His compassion for his fellow man and tireless efforts to help everyone who needed help without recognition puts the man in a class by himself. It's doubtful if you could find anyone who would utter a bad word about the man.

His acceptance was truly indicative of the incredibly humble demeanor of the man.

After briefly thanking the committee for the honor, Bartlinski said, "All I can say is, thank you and I appreciate everybody who did come here to honor fellow inductees. Well, thank you."

Laramore, the only Maryland high school coach to win major championships in three sports (football, basketball and lacrosse), died in 1989 of a heart attack after coaching and teaching at Annapolis for 26 years.

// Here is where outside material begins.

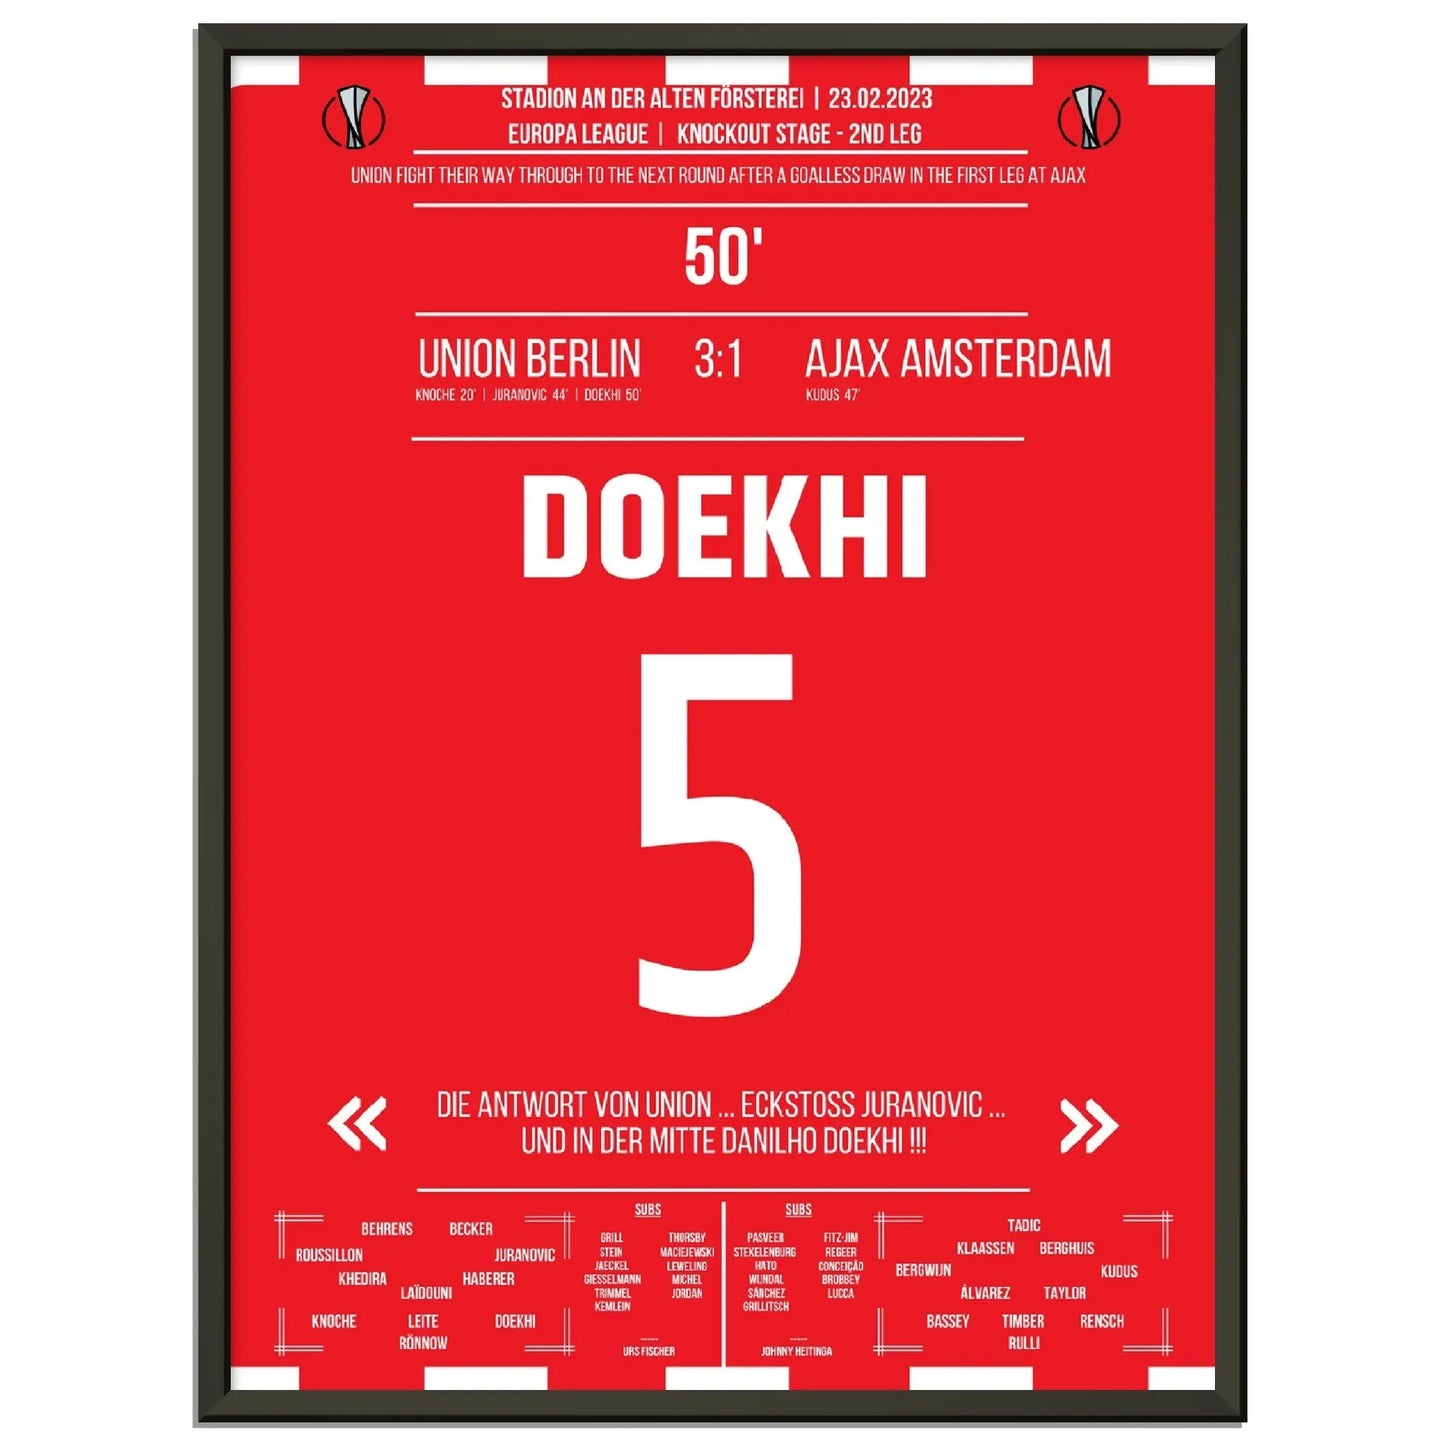 Doekhi trifft zum Einzug ins Europa League Achtelfinale

Longtime Annapolis assistant football coach Bill Phebus and Laramore's best friend, Andy Borland, the head football coach at Severna Park, co-presented Laramore's accomplishments.

In 22 years as coach of the Panthers' football team, Laramore compiled a record of 156-66-2 (.698), including a 12-0 state championship campaign in 1978. That was the last year a county team won a state title in football.

Phebus cited Laramore as a motivator and disciplinarian. Borland spoke of the man's convictions and family values that prompted the coach to name his offensive plays after his wife, Dorothy, and two sons, Dan and Dave, who later would play for him.

"He was my teacher and a great friend of mine, and I'm really proud that you're honoring him tonight," said Borland.

Dorothy and Dave accepted Laramore's plaque. The coach's wife said, "Coaching and teaching young men and young people was one of Al's greatest loves, and he really would have been pleased to receive this recognition here tonight. Thank you very much."

Lew Holmes, president of the Anne Arundel Amateur Baseball Association, presented Spencer. Holmes said that not only was Spencer a great major-league first baseman for 15 years with the California Angels, Texas Rangers, Chicago White Sox, New York Yankees and Oakland A's, but a great person as well.

Holmes said Spencer never forgot where he came from and always was willing to return home to Andover High and Anne Arundel County when he was playing, and in retirement, to help raise money for youth sports.

Spencer thanked three of his former mentors who helped him along the way and who have passed away -- his basketball coach at Andover, Dick Hart, Sheriff Fowble his 16-and-under baseball coach in Baltimore, and Billy Martin, his major-league manager three different times in his career.

Also paying tribute to his dad and granddad for their guidance, Spencer thanked a seventh man for his success.

"He helped me with my physical problems in the off-season and never charged me a nickel while I was in high school and professional baseball, and I owe a lot to him," said Spencer. "I am so honored and pleased to go in the Hall of Fame tonight with Doc [Bartlinski]. Thank you so much for what you did for my career, Doc."

The Rev. Carl Harris presented the internationally famous sailor Walker, saying that, "it's the joy and enthusiasm in everything he does is what is so important. Stuart is the most alive person I know."

Walker, who was a member of the 1968 U.S. Olympic sailing team and winner of many international races, supported that claim with an ecstatic acceptance, thanking the Hall of Fame Committee and saying: "To be honored at home is the greatest privilege, and I'm particularly proud to be in this group of inductees. To be a part of this group is a great honor and great pleasure."